Lesson Description
The "Why TypeScript Matters" Lesson is part of the full, TypeScript: From First Steps to Professional course featured in this preview video. Here's what you'd learn in this lesson:
Anjana introduces TypeScript as a solution developed by Microsoft to address these challenges, providing a more structured and type-safe approach to JavaScript development.

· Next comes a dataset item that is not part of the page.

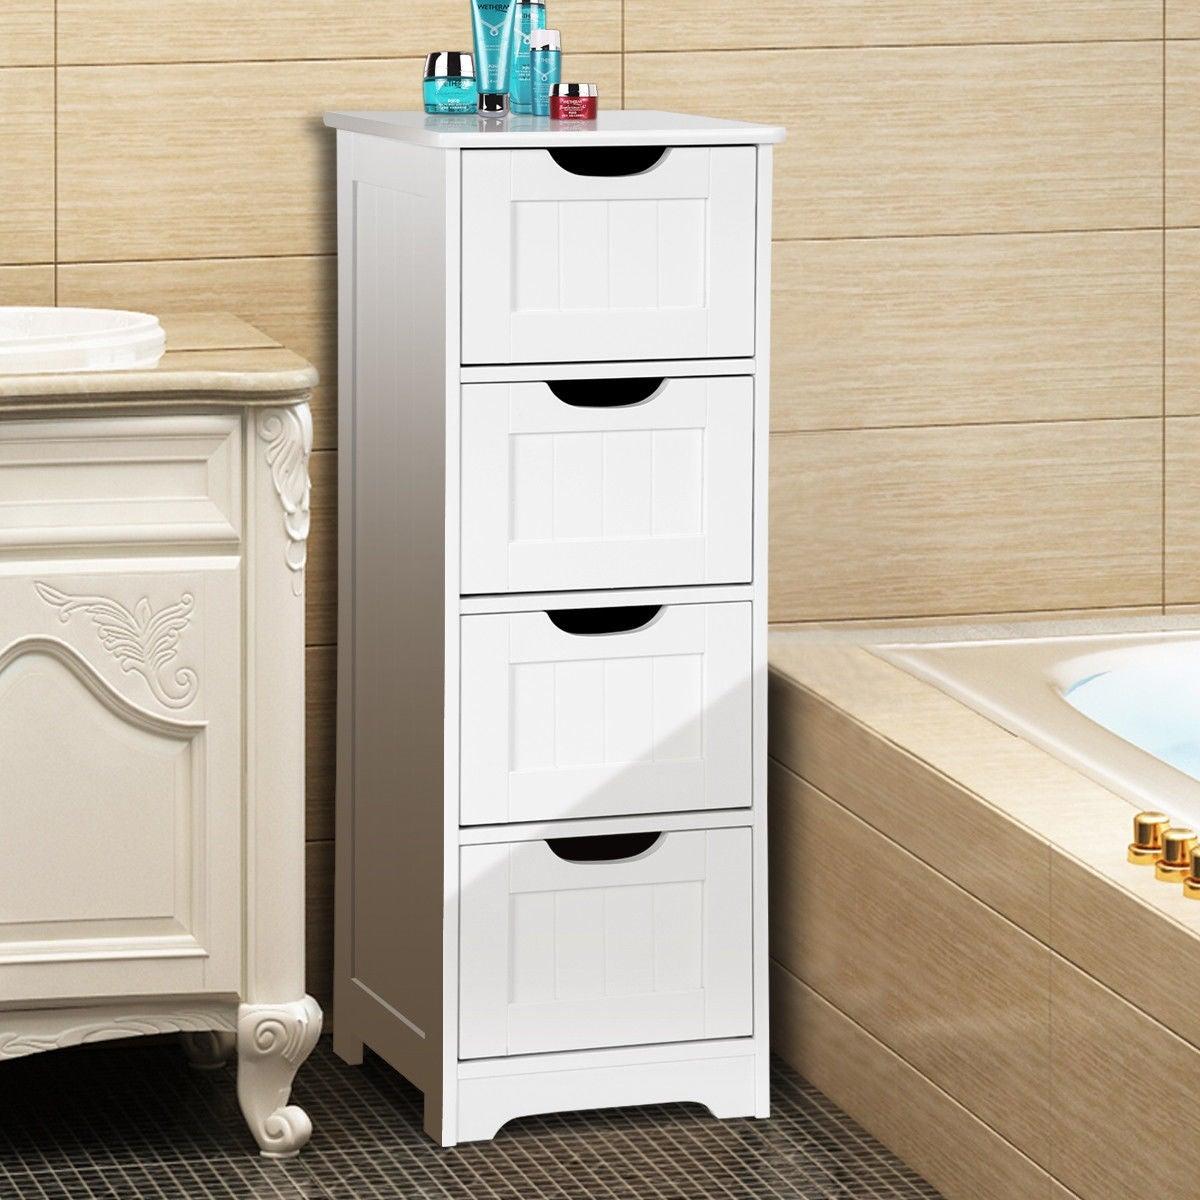 Gymax Bathroom Floor Cabinet Wooden Free Standing Storage Side Organizer W4 Drawers regarding measurements 1200 X 1200

Transcript from the "Why TypeScript Matters" Lesson
[00:00:00]
>> Anjana Vakil: Our good friend has been around quite a while now, from back in the day in '95, to our modern futuristic sounding year that we're recording this of 2025 A lot has changed in terms of how JavaScript exists in the world So, back in '95, JavaScript was a little scripting language that was meant to add a little bit of interactivity to your websites, you know, handle a button click, pop up an alert, do something else
[00:00:38]
Cool And it only ran in the browser It was just a tool for adding interactivity to webpages And it was used by web developers, and there were fewer of us back then There was less web back then And now fast forward 30 years JavaScript is no longer used to add click handlers alone to web pages It is also used to do all kinds of things There are huge projects and very complex applications written in JavaScript
[00:01:15]
So basically, whatever we want computers to do, somebody has probably figured out a way to do it with JavaScript by now Also, it is no longer the case that we know that JavaScript runs in the browser as part of a web page It can run all kinds of places That's what Node is about Node lets us run it on the server-side We've also got like mobile setups for running JavaScript in other environments and we've got JavaScript running serverlessly to process data in certain places
[00:01:50]
We've got JavaScript everywhere basically that we can think of like if there's a computer, it's embedded in IoT devices all over the place So what used to be a kind of nice contained browser environment for JavaScript is now as large as the universe, basically And instead of web devs just kind of making some cool marquee scroll and whatever, we're now a massive group of software engineers all over the planet that have been building on each other's JavaScript for 30 years
[00:02:31]
And we have huge teams writing JavaScript projects at massive companies We have millions of devs contributing and using each other's JavaScript packages in the open source community So we've really got a very different situation than when JavaScript was developed And that's where, over the years, folks started asking themselves, does it have to be this way
[00:03:04]
Are we stuck with the decisions that the creator of JavaScript, who designed the language in 10 days in 1995, made back then, that are now living on all kinds of different computers in front-end, backend code, embedded code, mobile, all kinds of stuff, and hugely complex projects as well Can we do better Like, could we eliminate these type of problems, type of problems, before we start rendering object object and showing that to our users, or before you get that your flight time is undefined
[00:03:51]
I don't know if that's ever happened to anybody, but it's a fun one And then I guess the question also becomes, can we stop ourselves as developers from even writing that buggy code in the first place So is there a way that we can compensate for some of these loosey goosey features of types of JavaScript which were fine in '95, but not so much in 2025, so
[00:04:28]
This line of questioning led to a bunch of work in the JavaScript community to try to figure out different ways of solving this But by now, a single dominant answer has emerged And it is TypeScript Da da da da Yeah, like spoiler, right No So, TypeScript, which you can read all about at typescriptlang.org They're really great docs and as we just got a sneak preview of, there's a really great playground that you can use to explore TypeScript features, and there's a whole bunch of examples in there
[00:05:12]
And so, these are some really great resources for understanding the nuts and bolts of TypeScript We're going to be looking at them as we go in this course But suffice it to say that TypeScript, and there were a few other projects similar to it, like, for example, Flow was one that I got to work with briefly Was one solution to some of these problems and this was a solution put out by Microsoft, first internally, so not put out, but developed internally at Microsoft around 2010 or so, and then open sourced in I believe 2012
[00:05:55]
And since then, it has really emerged as like the solution that the industry has centered around for how to stop these types of problems from occurring, and how to make our lives less what as developers.